Kolaborasi Pusat dan Daerah dalam Percepatan Pencegahan dan Pengendalian Penyakit menuju Cakupan Kesehatan Semesta


BANTEN 25/02/2019, Mengusung tema “Kolaborasi Pusat dan Daerah dalam Percepatan Pencegahan dan Pengendalian Penyakit menuju Cakupan Kesehatan Semesta” Direktur Jenderal Pencegahan dan Pengendalian Penyakit dr. Anung Sugihantono, M.Kes menyampaikan dalam laporannya capaian Kinerja Program Pencegahan dan Pengendalian Penyakit sampai akhir tahun 2018, info penting terkait trend penyakit menular maupun tidak menular yang sedang berkembang di Indonesia saat ini sekaligus mengungkap tantangan kesehatan kedepan di hadapan Ibu Menteri Kesehatan RI.


Menteri Kesehatan Republik Indonesia Prof. Dr. dr. Nila Djuwita Faried Anfasa Moeloek, SpM memberikan apresiasinya kepada Dirjen P2P atas inisiasi penyelenggaraan acara ini, dan berterima kasih atas pencapaian kinerja pencegahan dan pengendalian penyakit. Menteri Kesehatan menekankan bahwa bangsa ini harus segera mencapai Cakupan Kesehatan Semesta (UHC) dimana pelayanan kesehatan harus dimiliki oleh semua orang yang artinya akses untuk semua dengan pelayanan yang komprehensif dan bermutu tanpa hambatan finansial. Peran pencegahan dan pengendalian penyakit sangat besar agar beban kuratif tidak semakin tinggi. Kedepan harapannya orang akan pergi ke Rumah Sakit bukan untuk berobat atau sakit melainkan untuk pemeriksaan kesehatan rutin saja.

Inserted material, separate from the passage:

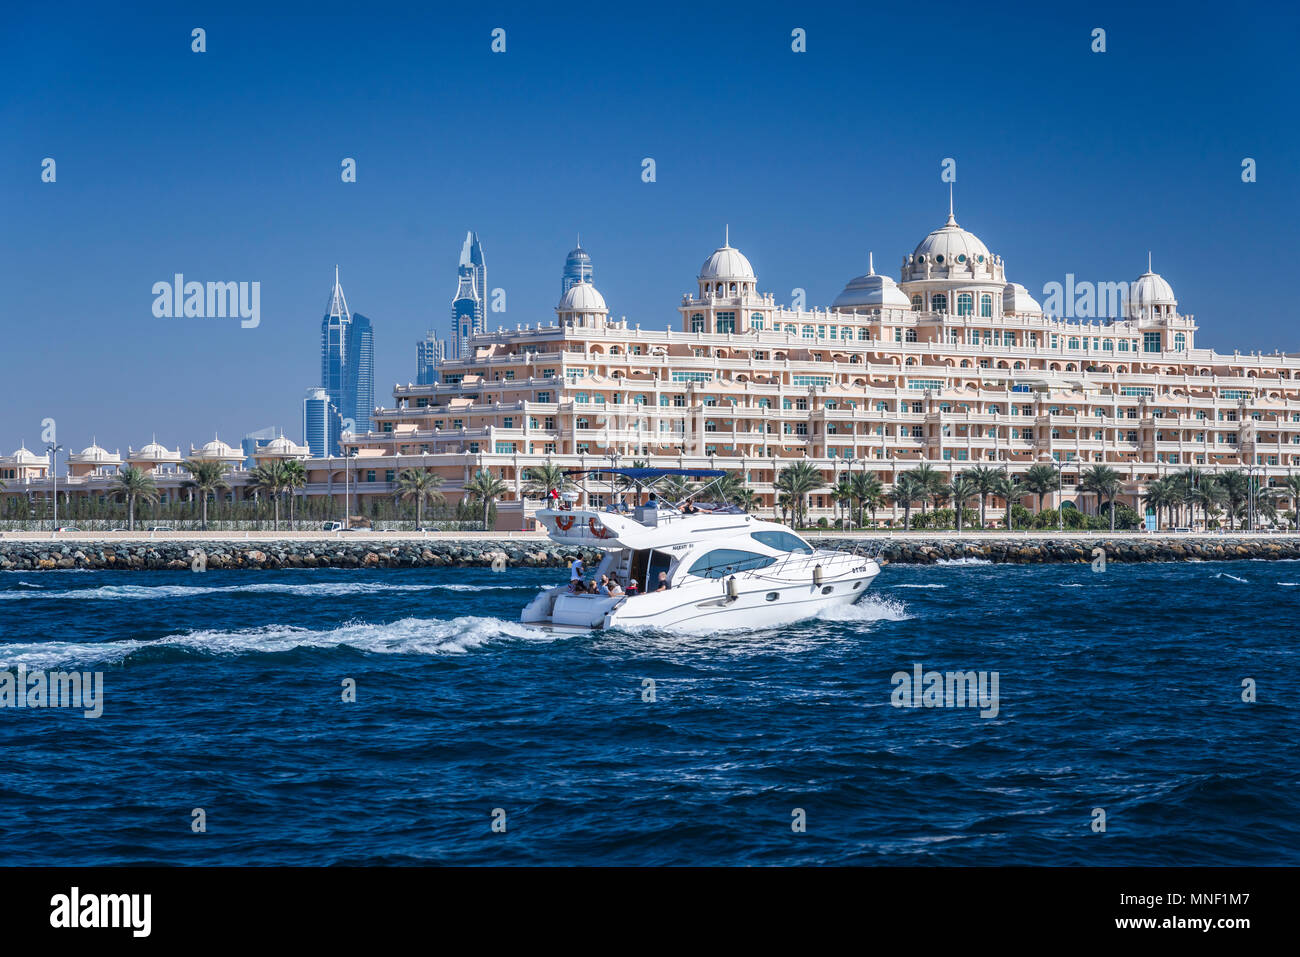 Das Kempinski Hotel und Residenzen auf der Palm Jumeirah Inseln vor der Küste von Dubai, Vereinigte Arabische Emirate, Naher Osten. Stockfoto

Setelah membuka resmi acara RAKONTEK P2P Menteri Kesehatan mengunjungi pameran sosialisasi program-program P2P. Beliau berkeliling melihat pameran yang digelar lebih dari 8 booth yang disajikan oleh kolaborasi Pusat (5 Direktorat) dan UPT (KKP, B/BTKLPP), beserta layanan pemeriksaan kesehatan bagi seluruh peserta berupa test PTM (Kolesterol dan Gula Darah), test Kejiwaan, test HIV AIDS dan test Hepatitis.
Kepala BBTKLPP Yogyakarta beserta jajaran Kabag dan Kabidnya menghadiri acara Rapat Koordinasi Teknis (RAKONTEK) P2P yang diselenggarakan selama lima hari penuh mulai tanggal 25 Februari 2019 sampai dengan 1 Maret 2019 dengan peserta Pusat, Dinas Kesehatan Provinsi, B/BTKLPP dan KKP seluruh Indonesia, dan menghadirkan pula narasumber, praktisi, lintas sektor dan lintas program dari Bappenas, Biro Perencanaan dan Anggaran Sekjen Kemkes, Ditjen Yankes, Ditjen Farmalkes, BPPSDM Kesehatan. Rangkaian materi pembahasan berupa Evaluasi kegiatan 2018, percepatan pencapaian target 2019, perencanaan kegiatan 2020, upaya terobosan untuk percepatan pencapaian target Program P2P, pelaksanaan SPM bidang kesehatan Program P2P, kebijakan dan operasional anggaran Dekon serta DAK bidang kesehatan dan Penyediaan sarana prasarana untuk mendukung pelaksnaan Program P2P.


Melengkapi rangkaian acara disajikan presentasi success story pemanfaatan Dana PIS-PK untuk program PTM di Palangkaraya, Pengembangan Aplikasi e-Jiwa pendukung PIS-PK di Jakarta, Implementasi Program menuju Eliminasi Penularan HIV, Sifilis dan Hepatitis B di Kab Sinjai, Pemberdayaan Masyarakat Kunci pencegahan dan pengendalian DBD, Kekuatan Lintas Sektor dalam akselerasi peningkatan cakupan dan kualitas Imunisasi di Gorontalo , Sinergitas BBTKL dan Dinkes Dalam Akselerasi Peningkatan Upaya Pencegahan & Pengendalian Penyakit di Wilayah Kerja oleh BBTKLPP Jakarta dan Sinergitas Upaya Cegah Tangkal Polio di pintu Masuk Papua.
Kegiatan RAKONTEK P2P ini akan berlangsung sampai dengan empat hari kedepan dengan simultan side event berupa Rakordit Paripurna, Peran Rumah Sakit Jiwa Dalam Mendukung SPM Kab/Kota dan PIS-PK, Temu Pakar dan Praktisi bertema Tantangan Tantangan Eradikasi Polio di Indonesia dan Penguatan Surveilans AFP dan Tantangan Tata Laksana TBC Laten Menuju Eliminasi TBC.